急げ急いで追いかけろ
白うさぎが走ってく流れるトランプ飛びわたり
ハートが飛び跳ね こだまするすべらないよう気をつけて
全速力で駆け抜けろあれよあれよと変わる色
不思議な景色の万華鏡気づいたときにはぼくたちは
不思議の国のただなかさ本が開いて飛び出して
お城の奥へと続いてるさあ冒険だ 飛び込もう
不思議の国の物語
ルイス・キャロルの「不思議の国のアリス」をテーマにした、とある企画に参加することになったので、うちの子たちが不思議の国に迷い込んだイラストを描きました。
■意外と身近な「不思議の国」
「不思議の国のアリス」というと、ファンタジーの金字塔として、もはや説明するまでもないほど有名です。とても発想豊かで、めまぐるしい展開が特徴ですが、一説によると、これはルイス・キャロルの実体験にヒントを得て生まれたのではないかと言われています。

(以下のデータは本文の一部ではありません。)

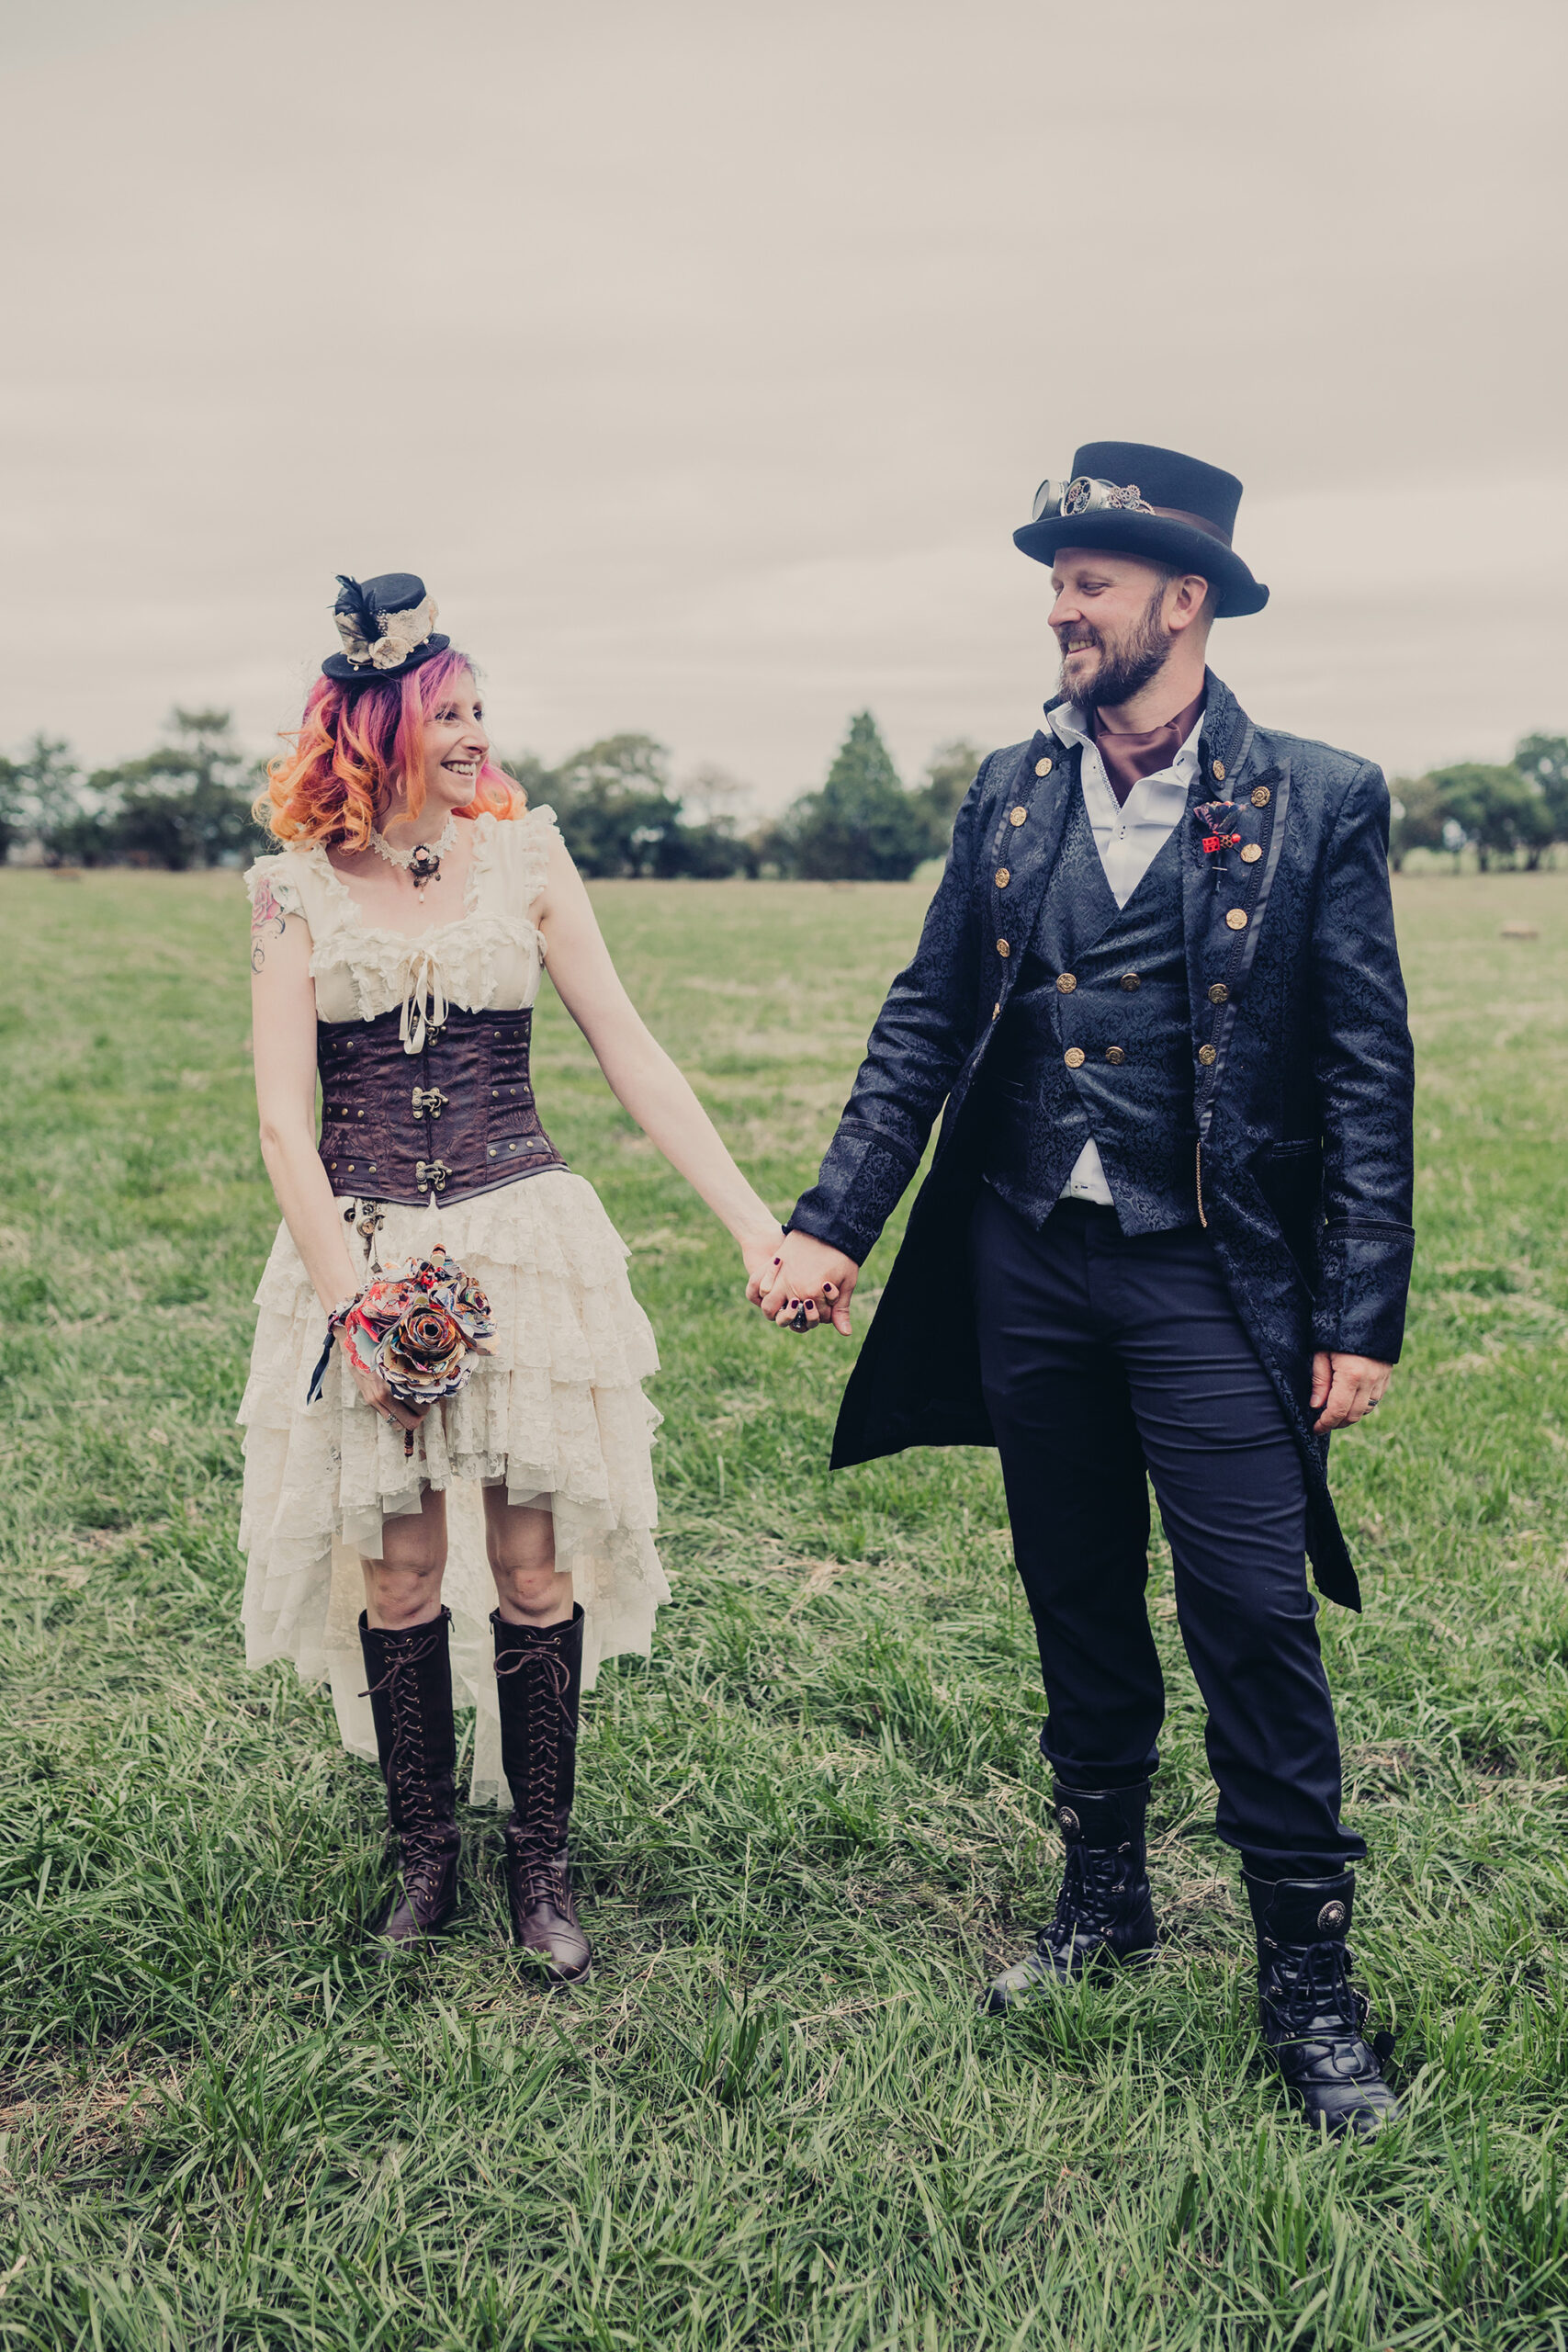 April Rien Steampunk Festival Wedding Chelsea Shoesmith Photography SBS 022 scaled

ルイス・キャロルはアスペルガー症候群や偏頭痛を持っていたと考えられていて、一般の人たちとは違う世界を体験していた可能性があるといいます。
たとえば、アスペルガー症候群の人は、時間感覚のつながりが弱く、学校生活などで、場面が急に切り替わるように感じられるそうですが、アリスの物語も、次々に場面が変化します。
またアリスが経験したような、身の回りのものが大きくなったり、自分が小さくなったりする幻覚は、その名も「不思議の国のアリス症候群」と名付けられていますが、片頭痛によって生じやすいそうです。つまり、ルイス・キャロル自身、アリスと同じような不思議な体験を日常的に味わっていたのかもしれません。こうした感覚は子どものころに多いと言われています。
大人と子どもの見ている世界は違うとしばしば言われますが、想像力豊かな子どもは、妖精や小人が本当に見えたり、それらと会話できたり、手で触れたりできるといいます。大人のように感覚がまだ成熟していないので、想像の世界が現実のように感じられる場合があるのです。
こうした現実感のある空想の存在はイマジナリーコンパニオンと呼ばれていて、子どもの約半数が経験するそうです。古くは座敷わらしと呼ばれる妖怪の伝承も、このイマジナリーコンパニオン現象のことだと考えられています。
「となりのトトロ」に出てくる、子どものときにしか見えないトトロやまっくろくろすけ、また「いけちゃんとぼく」などの作品も、この現象を描いたものでしょう。
そう考えると、案外、「不思議の国」は、わたしたちの身近に存在しているのかもしれない、と思えてきます。
ルイス・キャロルは、子どものころ、チェシャ猫や白ウサギがいる「不思議の国」に住んでいたのかもしれません。あるいは大人になっても、片頭痛などをきっかけに、ときどき「不思議の国」に迷い込んでいたのかもしれません。
もちろん、「不思議の国のアリス」は、実体験だけでなく、それを元にして見事なファンタジーを構成するルイス・キャロルの類まれな文章力や発想力なくしては完成しませんでした。
「不思議の国のアリス」が時代を超えて人々の心に訴えかける不朽のファンタジーとなり得たのは、ルイス・キャロルが現実と空想を絶妙に融合させ、もしかすると「不思議の国」はすぐそこに広がっているかもしれない、と読者に思わせることに成功したからではないかと思います。
■「不思議の国のアリス」をテーマにしたイラスト
今回の絵は、「不思議の国のアリス」がテーマで、サイズも決まっていたので、いつもと違った用紙サイズで描くことになりました。ほぼ正方形のイラストでしたが、今までの経験を活用して、手前から奥に流れる構図に工夫してみました。描く面積が広くて、なかなか歯ごたえがありました。
アリスのさまざまなモチーフ、トランプ、お城、本、ウサギ、ウミガメ、バラなどを散りばめて、うちの子たちにはアリスや帽子屋、チェシャ猫のコスチュームを着せました。なんとなくアリスらしい雰囲気は出せたのではないでしょうか。
トランプでできた橋をわたってお城に向かう、というのが中核となるアイデアで、それを思いついたことで絵を形にするめどが立ち、企画に応募することを決めました。
過去にどうぶつの森など、いくつかのテーマのイラスト募集に応募してきましたが、Painterに移ってからは初めてでしょうか。普段はオリジナルで好きなように描きたいので、なかなかイラスト募集の企画に応募したりはしませんが、今回はアリスの世界観が、うちの子たちの世界観とマッチすると思ったので参加しました。
完成した絵を見ると、まったく違和感がなく、世界観に馴染んでいる気がします。このようなファンタジーらしい作品を描く機会に恵まれて、本当によかったです。いい記念になりました。
企画の成果については、また改めて記事にしたいと思います。